# YOUR TASK
Return all the lines below exactly as written. Drop every picture.

# AVAILABLE DATA

⁂

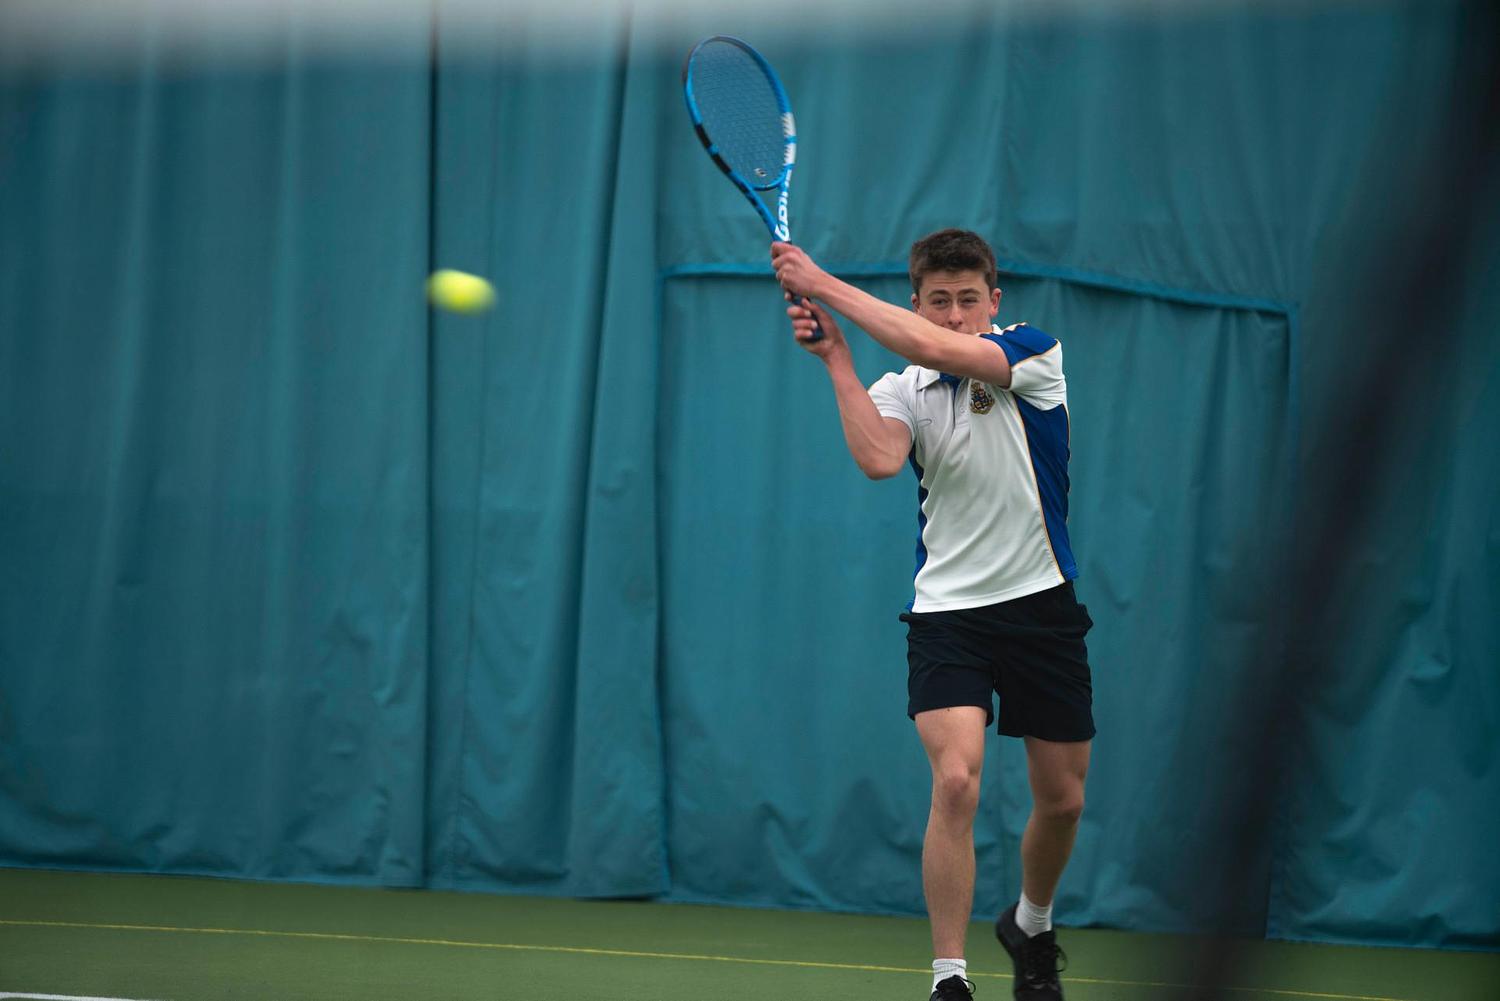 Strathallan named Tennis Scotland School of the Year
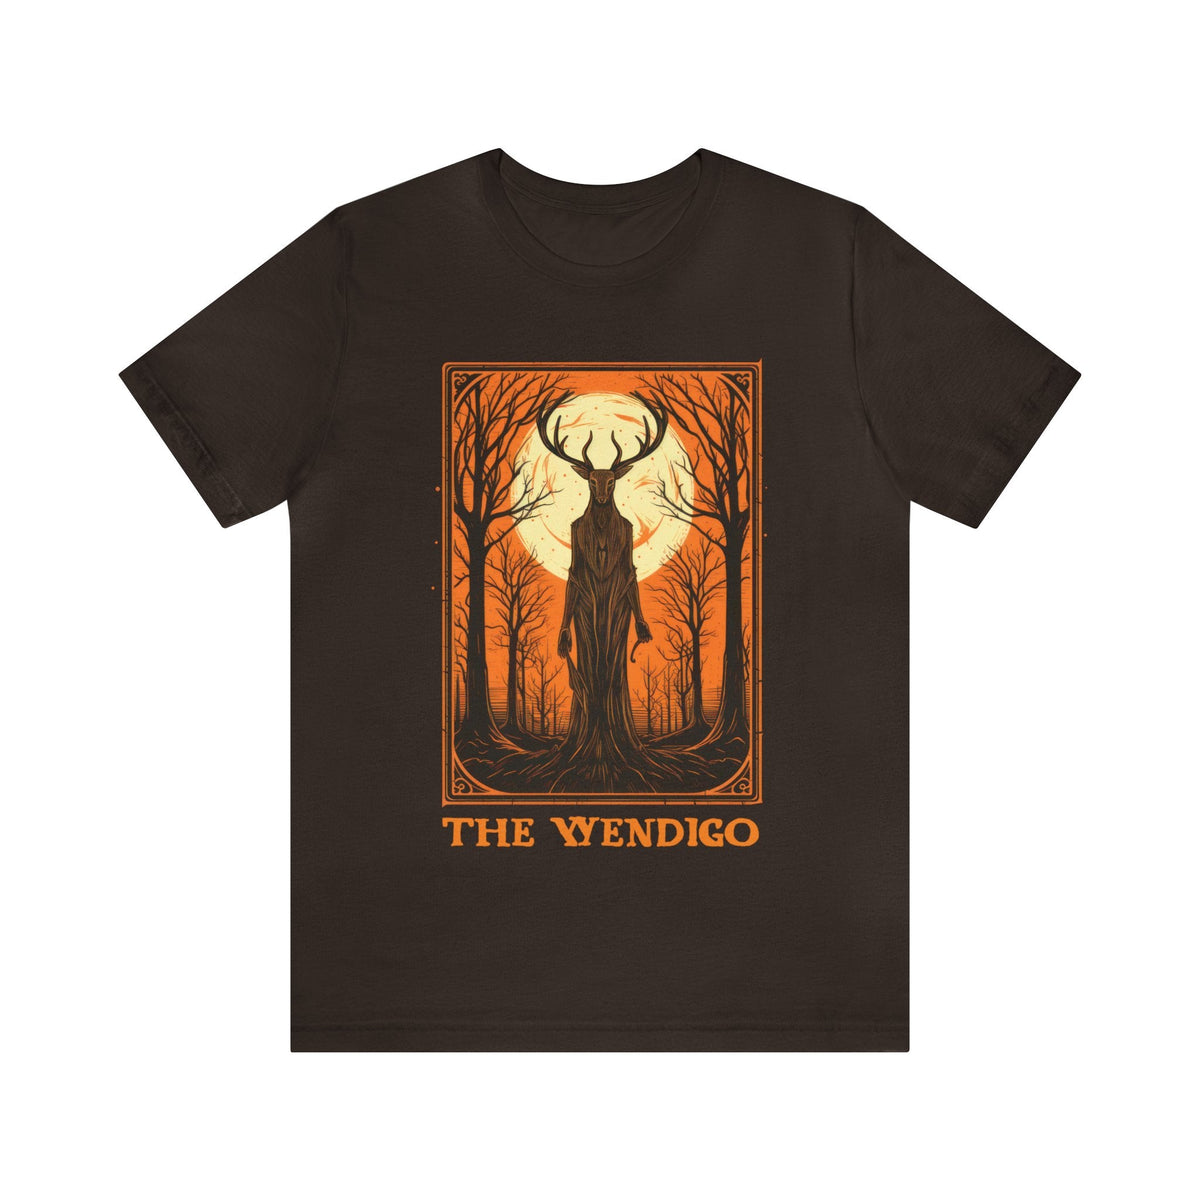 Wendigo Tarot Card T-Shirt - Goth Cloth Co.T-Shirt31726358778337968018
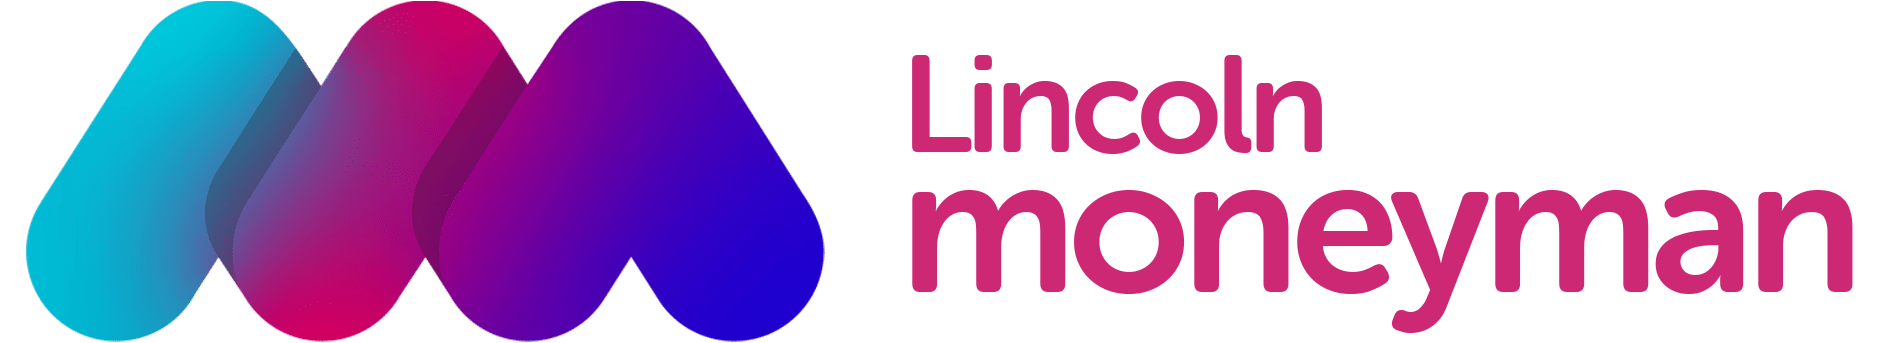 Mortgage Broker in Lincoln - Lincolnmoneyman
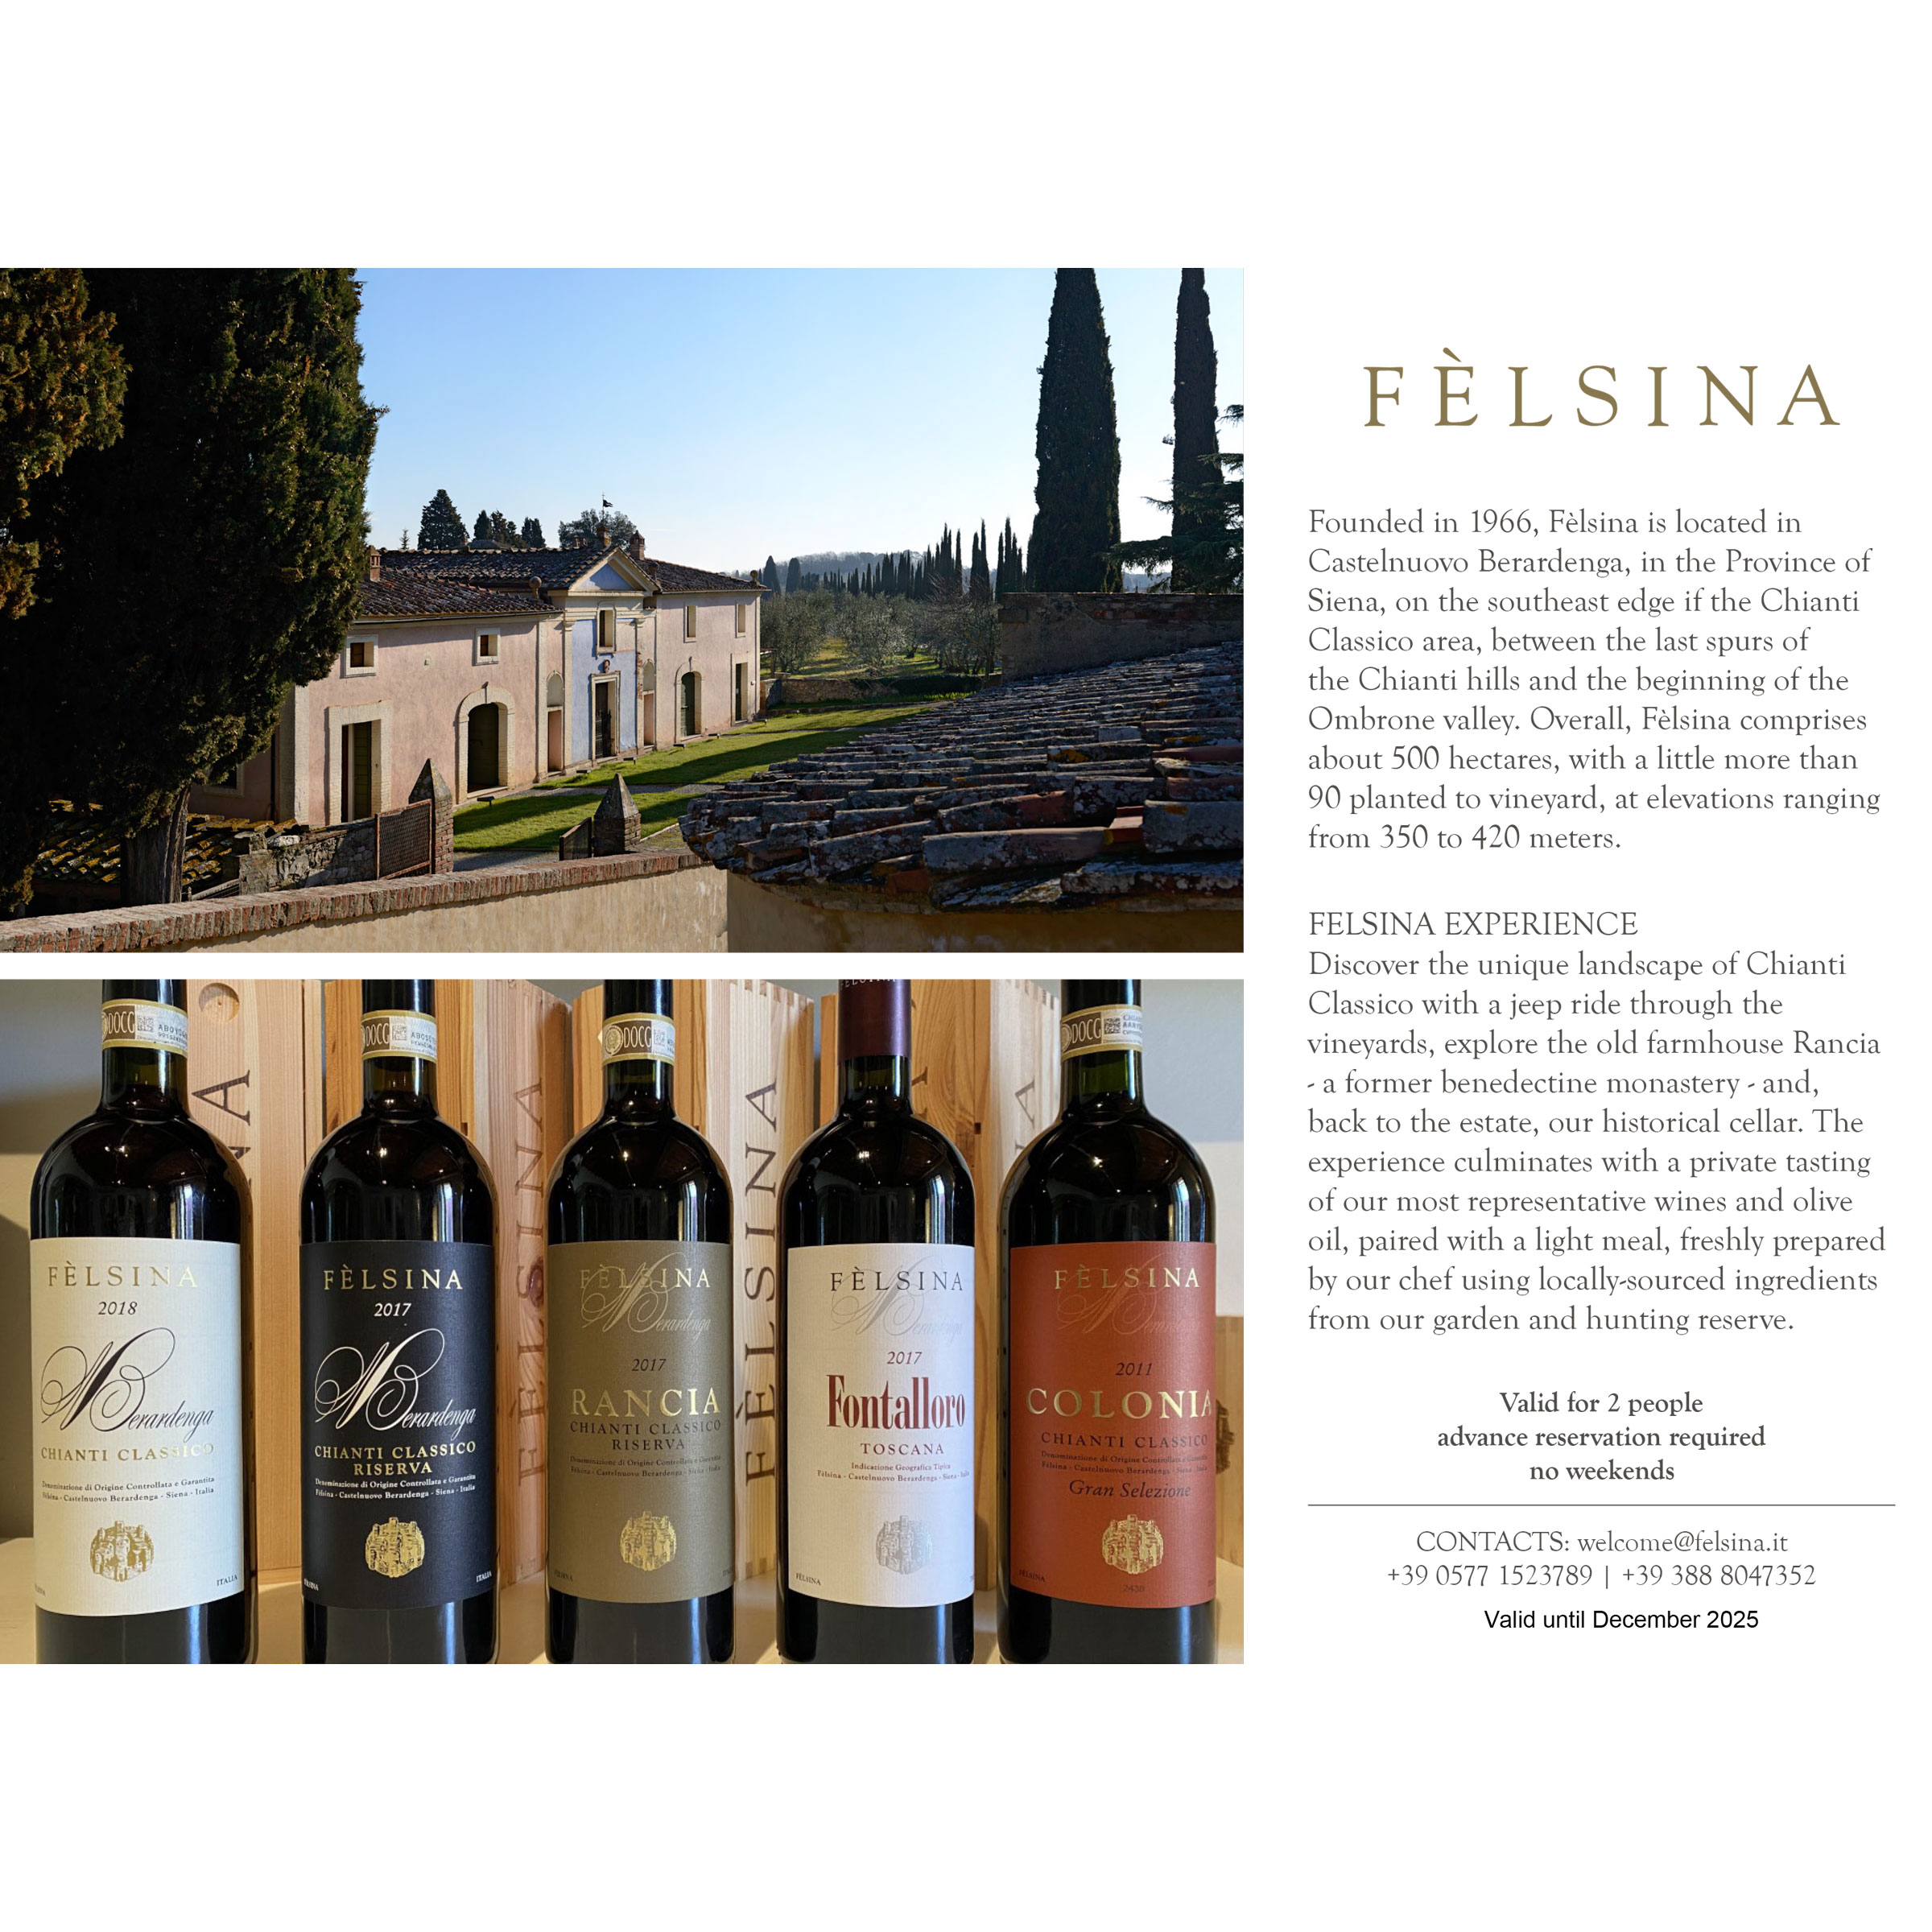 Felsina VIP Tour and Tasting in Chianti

⁂

# RESULT OF THIS TASK
 Strathallan named Tennis Scotland School of the Year
 Wendigo Tarot Card T-Shirt - Goth Cloth Co.T-Shirt31726358778337968018
 Mortgage Broker in Lincoln - Lincolnmoneyman
 Felsina VIP Tour and Tasting in Chianti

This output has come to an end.